AI & ML

Building a Practical Expected Goals (xG) Model Using R and worldfootballR

May 09, 2026 5 min read views

In the realm of football analytics, expected goals (xG) has emerged as a transformative metric, allowing analysts to gauge the quality of scoring opportunities rather than just tallying goals. The growing sophistication of xG models has become essential for teams seeking competitive advantages, revealing deeper insights about performance that's hidden within the basic statistics of shots and goals. This evolution from traditional metrics to a comprehensive model delineates a new landscape of football analysis, presenting a strong case for embracing data-driven approaches.

Why Expected Goals Matter

The significance of xG goes beyond merely quantifying attempts at goal. By assigning a probability to each shot based on its characteristics—distance, angle, body part, and game situation—the xG model provides a clearer picture of a player's and a team's scoring potential. For instance, a shot taken from just a few meters out will typically yield a high xG score, while an ambitious attempt from distance will predictably score lower. This probabilistic framework better aligns with how football is played and understood, setting a foundation for more nuanced analyses.

Essential Components of an xG Model

Building an effective xG model relies on various features that encapsulate the shot's context.
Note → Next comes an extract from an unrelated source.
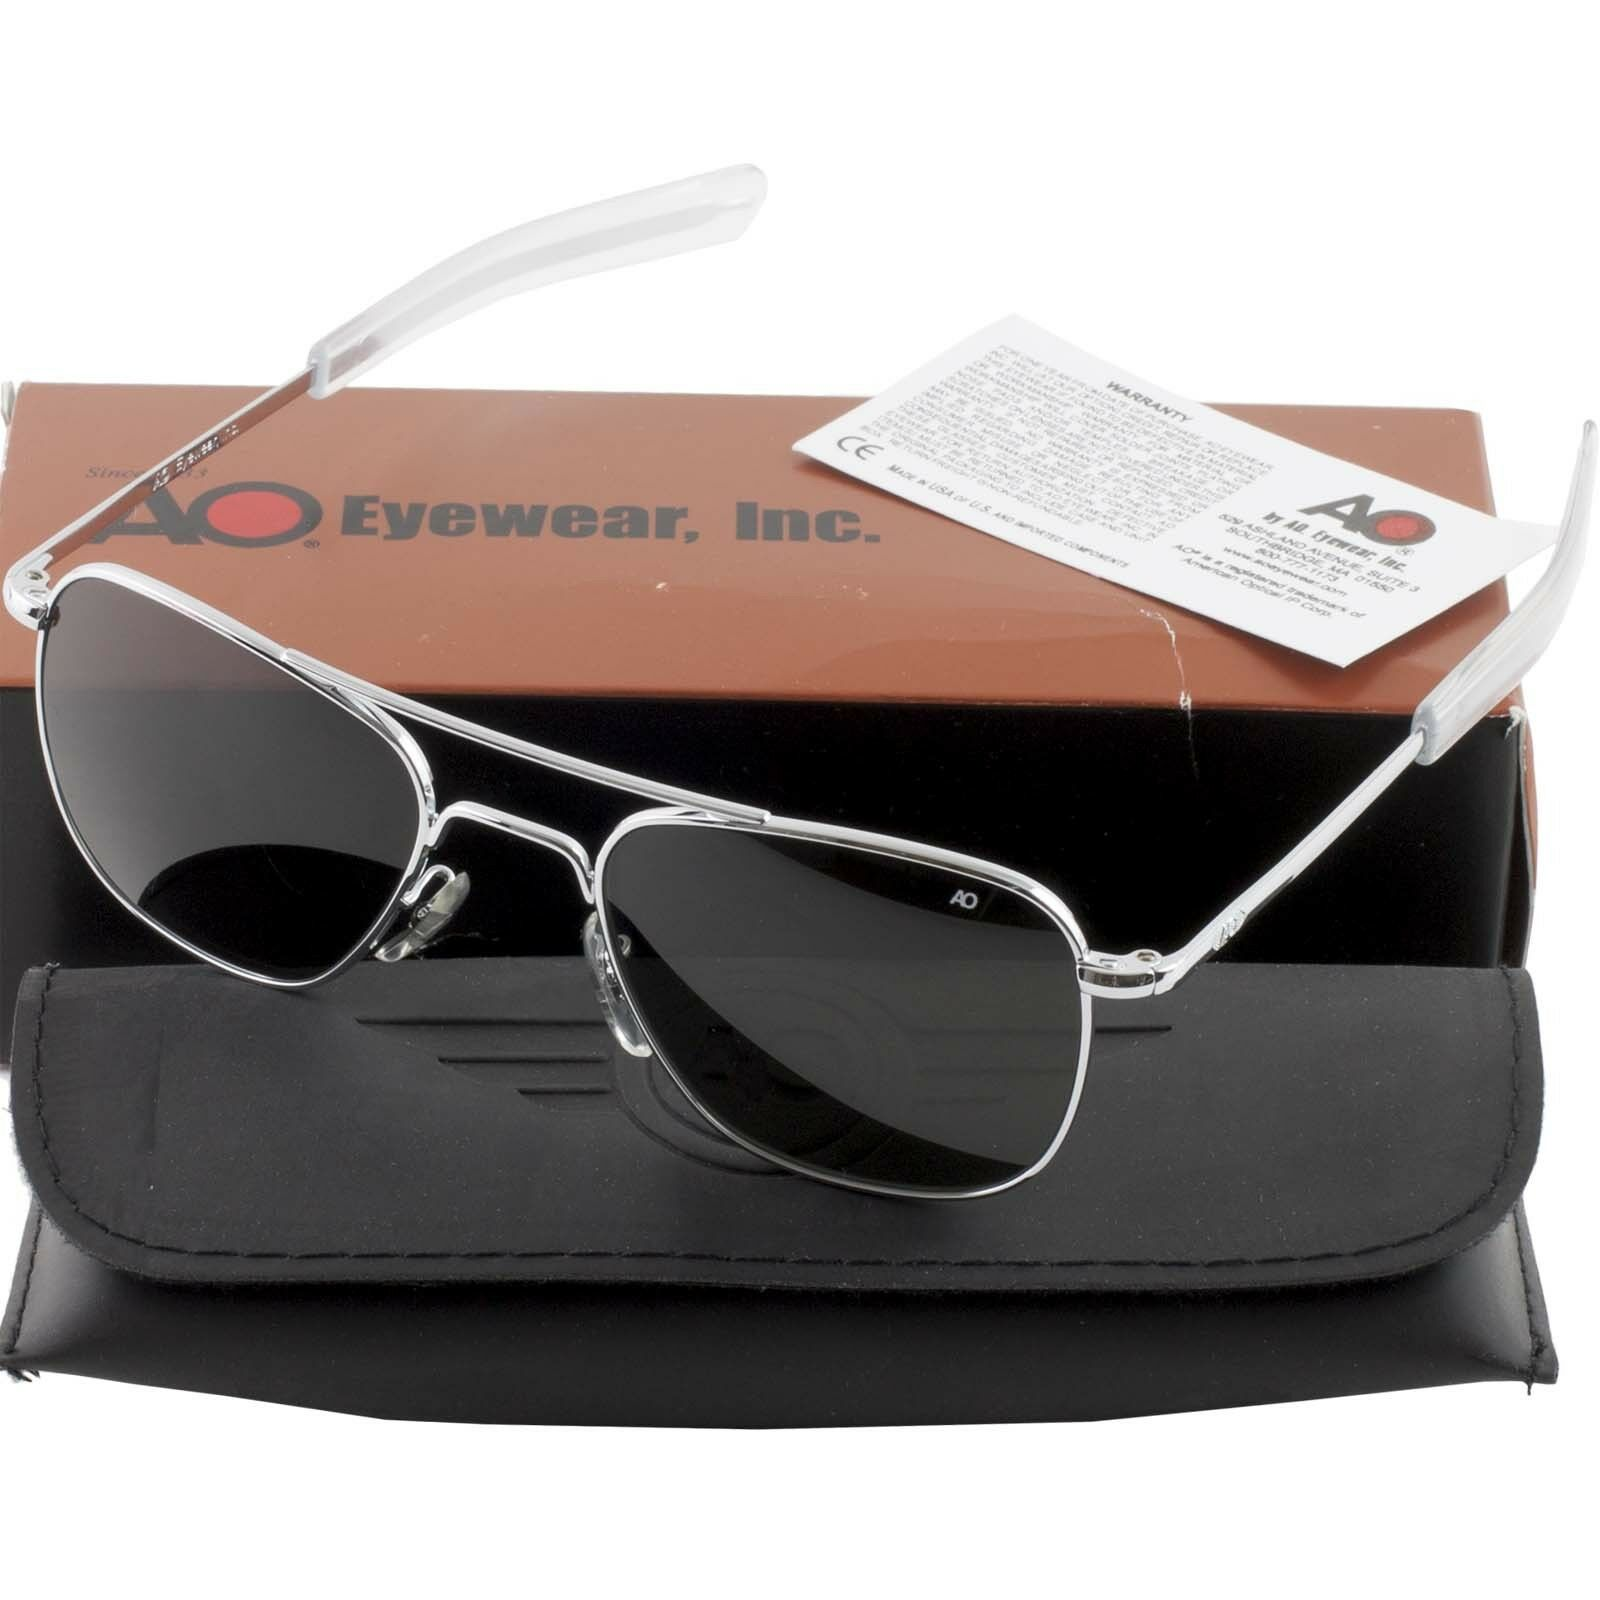 AO American Optical Military Aviator Silver Frames 52 mm Sunglasses Gray  Lens 9918759176

Key variables include:

  • Shot distance from the goal
  • Angle of the shot
  • Body part utilized
  • Minute of the match
  • Types of play situation (e.g., open play, set pieces)
  • Home or away context

Incorporating these features ensures that the expected goals output reflects realistic scoring probabilities, capturing the intricacies of match dynamics that conventional statistics might overlook.

Building Your xG Model in R

For analysts comfortable with R, crafting a reproducible xG model is straightforward, thanks to libraries like worldfootballR. Using packages such as dplyr, ggplot2, and pROC, analysts can streamline their football analytics process:

install.packages(c("tidyverse", "ggplot2", "dplyr", "worldfootballR"))
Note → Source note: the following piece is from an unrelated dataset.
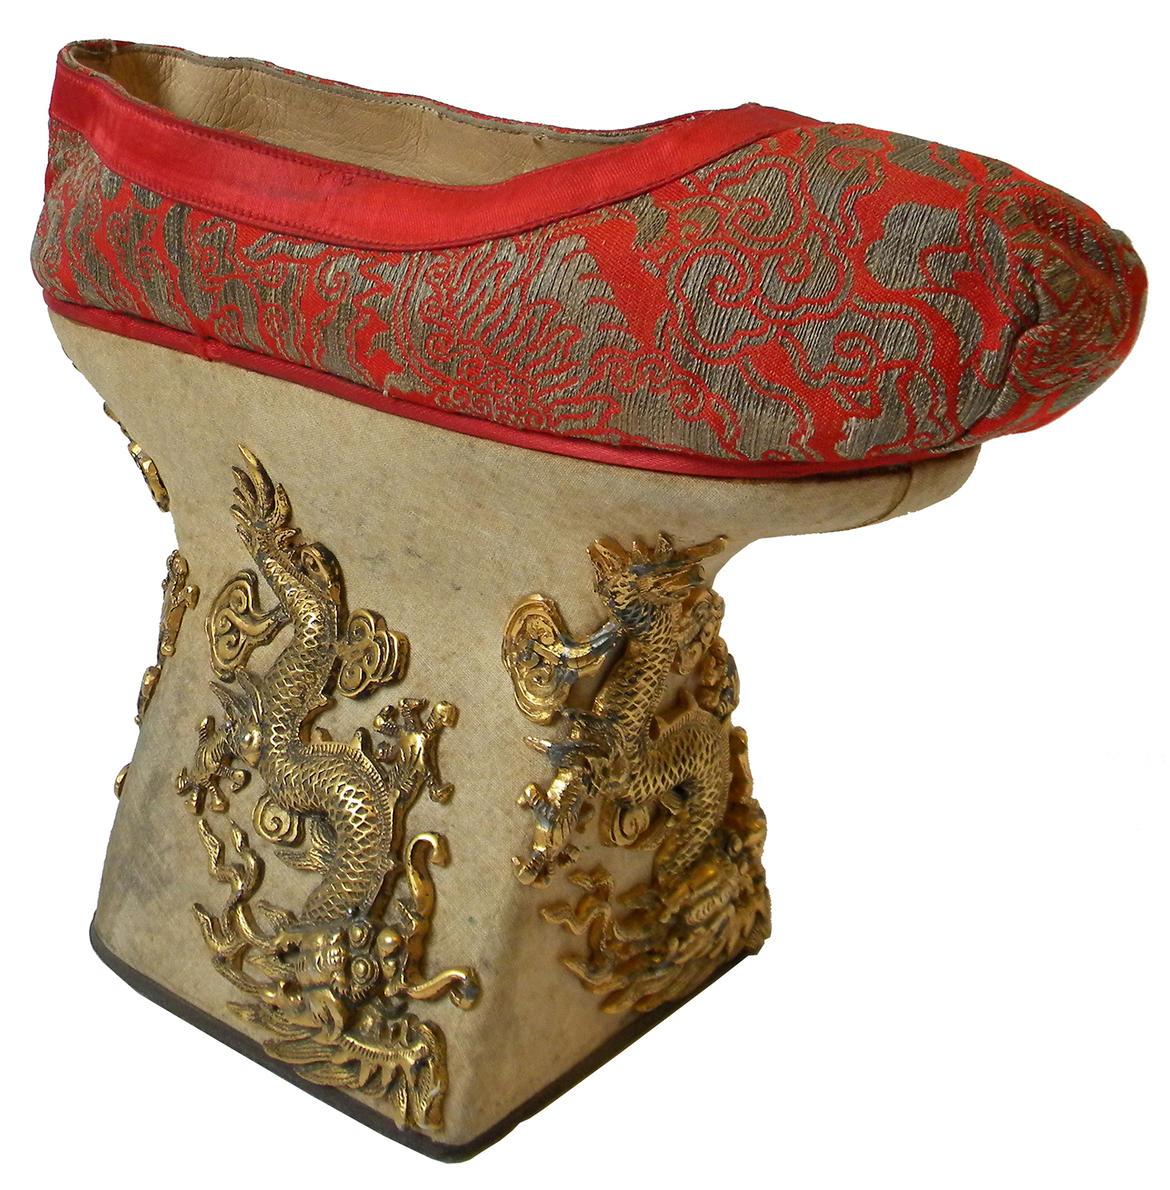 K Chen L Hne arte e scarpe a quot tacco quindici quot trentino cultura

This installation sets you up with the core tools necessary for data analysis. Next, constructing a synthetic dataset mimicking real match events can serve as a practical testing ground, ensuring your workflows are robust before applying them to real-world datasets from sources like FBref or Statsbomb.

Feature Engineering: Crucial for Accurate Predictions

Feature engineering plays a pivotal role in enhancing the accuracy of your xG model. Key adjustments involve calculating crucial metrics like the distance to the goal and the angle of the shot.

goal_x <- 120
goal_y <- 40
shots <- shots %>%
mutate(
distance_to_goal = sqrt((goal_x - x_location)^2 + (goal_y - y_location)^2),
angle_to_goal = atan2(abs(goal_y - y_location), goal_x - x_location),
angle_degrees = angle_to_goal * 180 / pi
)

These new features feed directly into your model, allowing it to make more informed predictions about whether a shot is likely to result in a goal.

Logistic Regression for Binary Outcomes

Given that the outcome of a shot is binary—either it results in a goal or does not—logistic regression surfaces as an ideal modeling technique. This statistical method suits the nature of xG calculations well, offering flexibility for including multiple predictive features.

xg_model <- glm(
goal ~ distance_to_goal + angle_degrees + body_part + situation + home_away + minute,
data = train_data,
family = binomial()
)

Through this approach, a clear statistical relationship emerges between your predictive variables and goal-scoring likelihood, paving the way for nuanced performance evaluations.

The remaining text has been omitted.